SOURCE: Adapted from Stepping Stones/Karl Benzio/Lighthouse Network
Because I teach people to make decisions based on information, not emotions, I cringe when I hear parents, ministries, or pastors using guilt to “motivate” others. “If you loved me, you would do your chores.” “I worked long and hard on this meal, so you better eat it.” “We’ll have to cancel the event … unless you help us.” “Look at these starving kids in Africa and all the food you throw away. Please send money.” “See the pain Jesus went through for you? You should feel terrible; now accept Him as your savior.”
Guilt is an incredible motivator, but that’s not the correct role for or use of guilt. I am all for pointing out injustices and needs so people can step into their roles to help these situations or make good decisions.
The issue I am trying to separate through these examples is this: we shouldn’t use guilt to motivate people.
Several subliminal, distorted, and false messages can unwontedly occur when people act out of guilt. Here are some examples:
1. I am responsible for and can control someone else’s feelings through what I do.
2. The other person won’t feel better unless I act the way he wants.
3. When you want a friend to do something for you, it is OK to lay a guilt trip on her.
4. Decisions should be based on self-needs and emotions, not God’s truth, facts, and reasoning. This is probably the worst message of all.
Unfortunately, these distorted messages subtly seep into our everyday functioning, and dramatically interfere with Godly decision-making.
Many pastors and priests try to whip their congregations into Christian action by delivering guilt-inducing sermons. Whether it’s guilting someone to say the sinner’s prayer, to give money, to volunteer, or to stop a certain behavior, the end does not justify the means. I have personally experienced these guilt-evoking messages. And unfortunately, they undermine the very foundation of grace and love that God wants to instill in a believer’s heart.
Today, take notice if you are feeling guilty about something, or if you are inducing guilt in someone else. Stop and examine why guilt is present. Guilt is important if you have done something wrong. So let the guilt warn you that a problem exists. But don’t let it be your decision-maker. Let reason and the Bible direct your heart and actions. Confess, repent, apologize, and ask for forgiveness.
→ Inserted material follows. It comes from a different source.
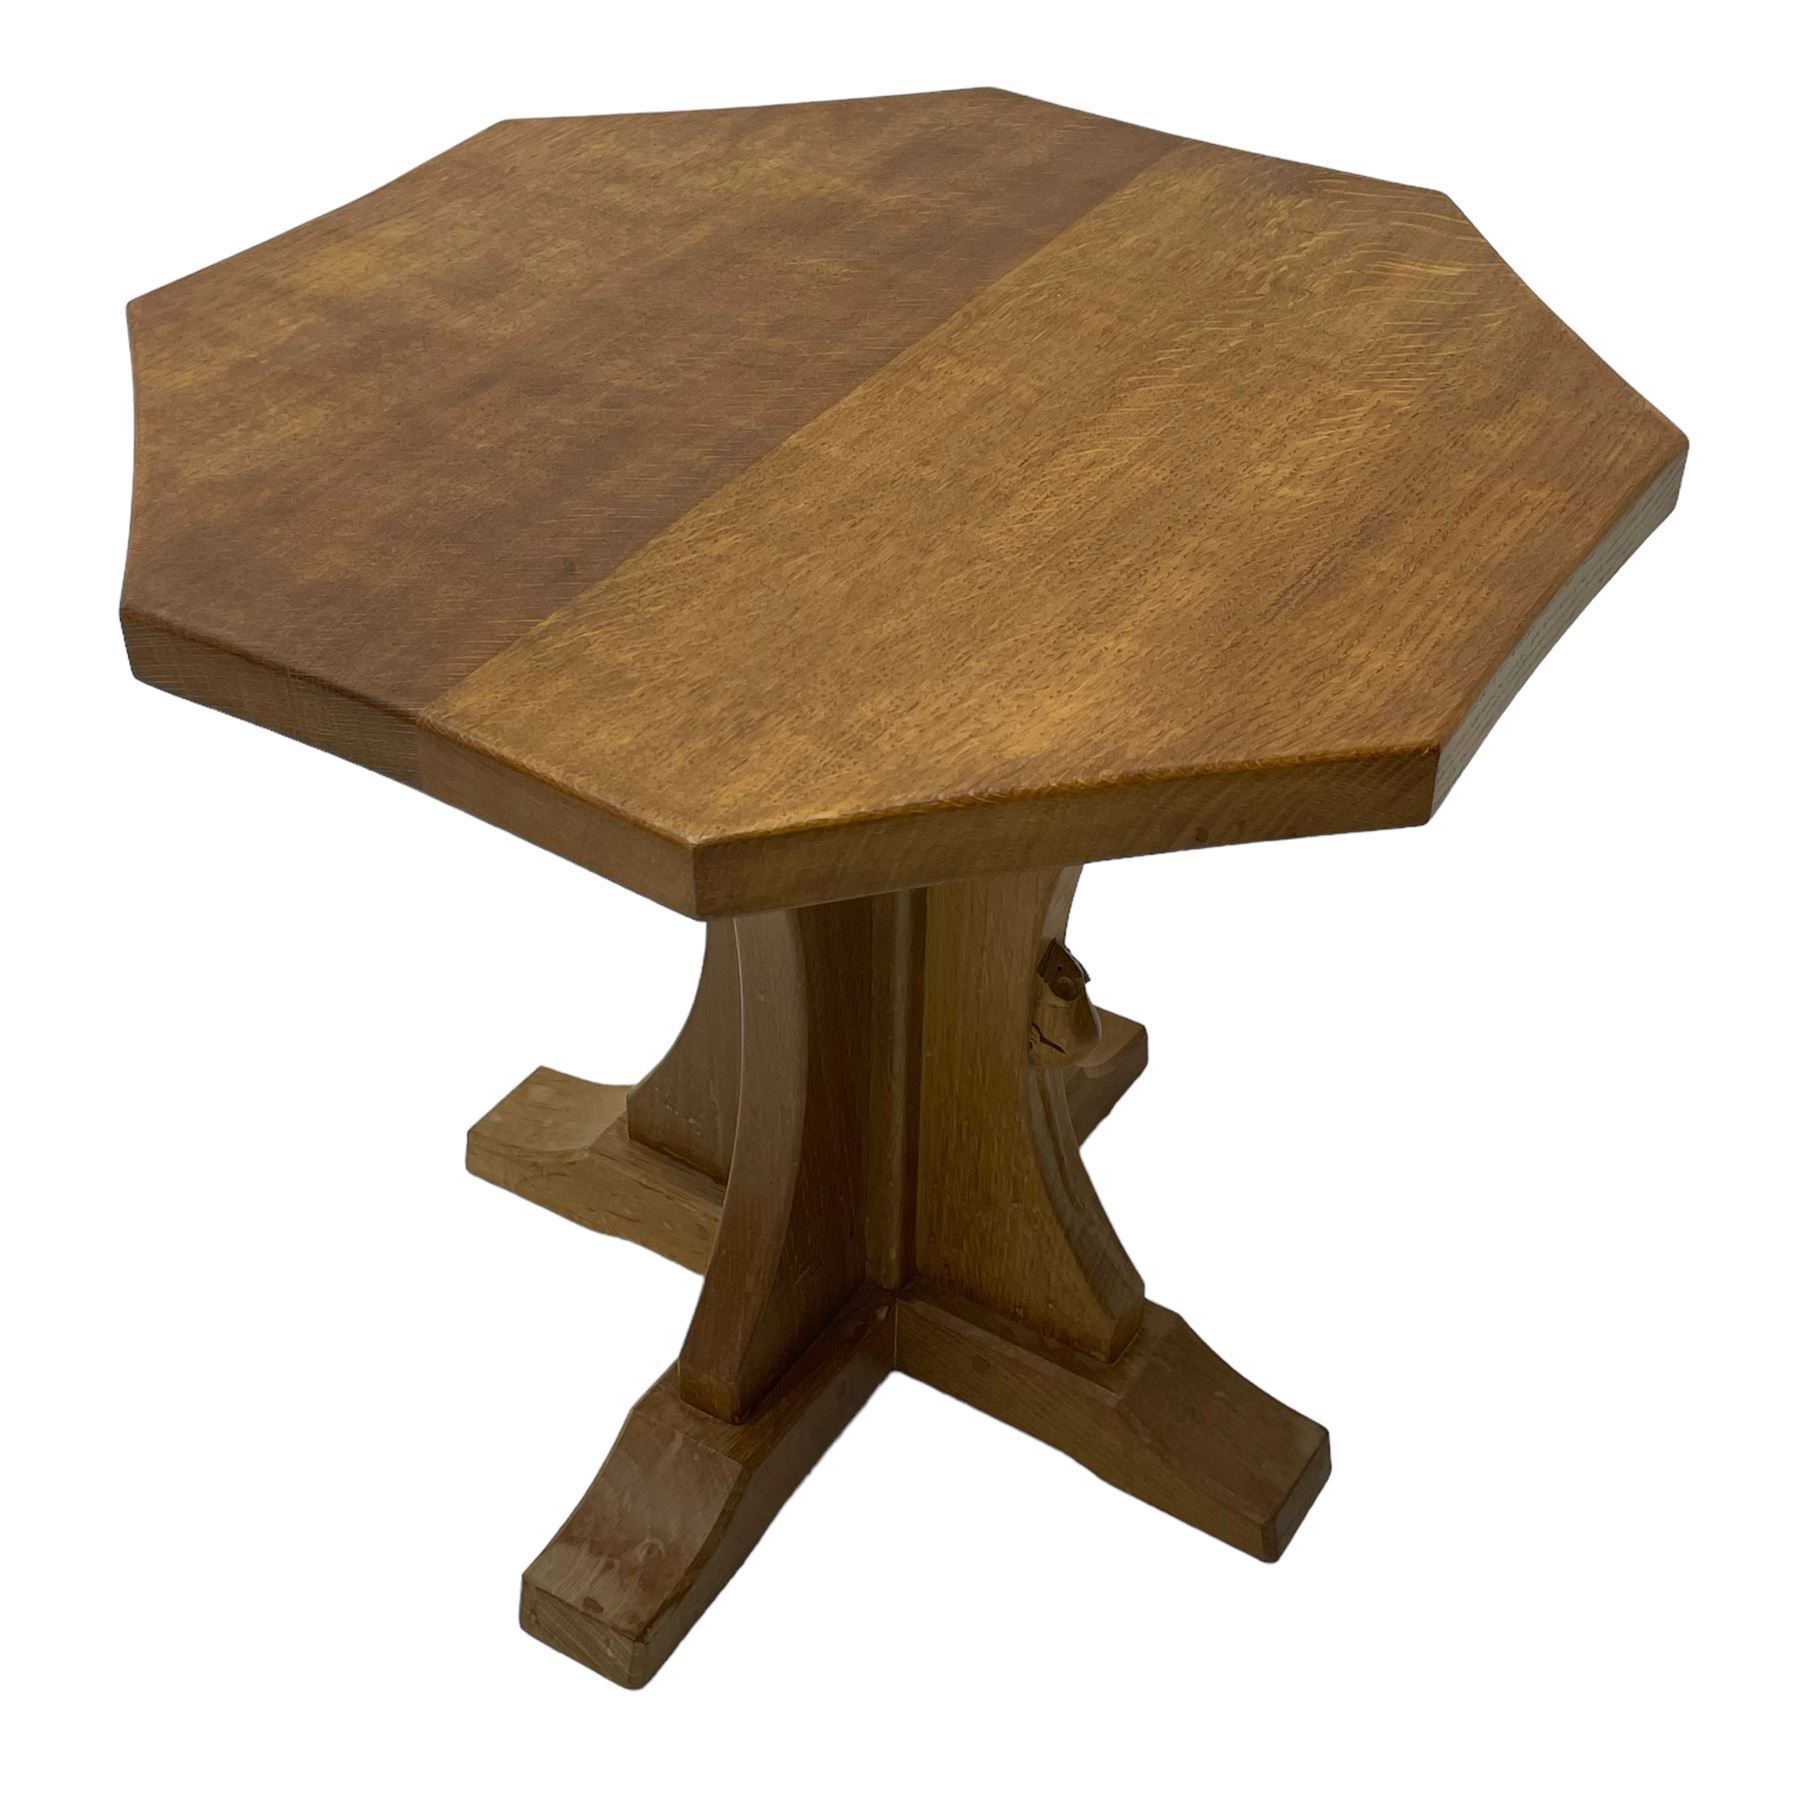 Mouseman - oak occasional table - Image 5 of 7

You are responsible for your feelings and happiness; the other person is responsible for his own. Above all else, be mindful that God does not measure and judge you by the amount of good works you do. Rather He looks into your heart. It’s your decision to allow God or guilt to motivate you, so choose well.
Dear Father God, I do not want to be stressed out about not “doing enough” as good Christian. I know that You want me to relax in the assurance of Your perfect love. Today help me remember that You delight in me more than I can ever imagine, that You see me cloaked in Your light and presence … and that there is no condemnation for those cloaked in You. Help me daily, Lord, to come closer to having the Mind of Christ. Help me make decisions based on Your word, not my feelings. Help me feel convicted and guilty about my wrongs, and then look to You for forgiveness, and to Your word for guidance in doing right. I pray in the name of the One who knew no guilt ‘til He bore all mine, Jesus Christ; AMEN!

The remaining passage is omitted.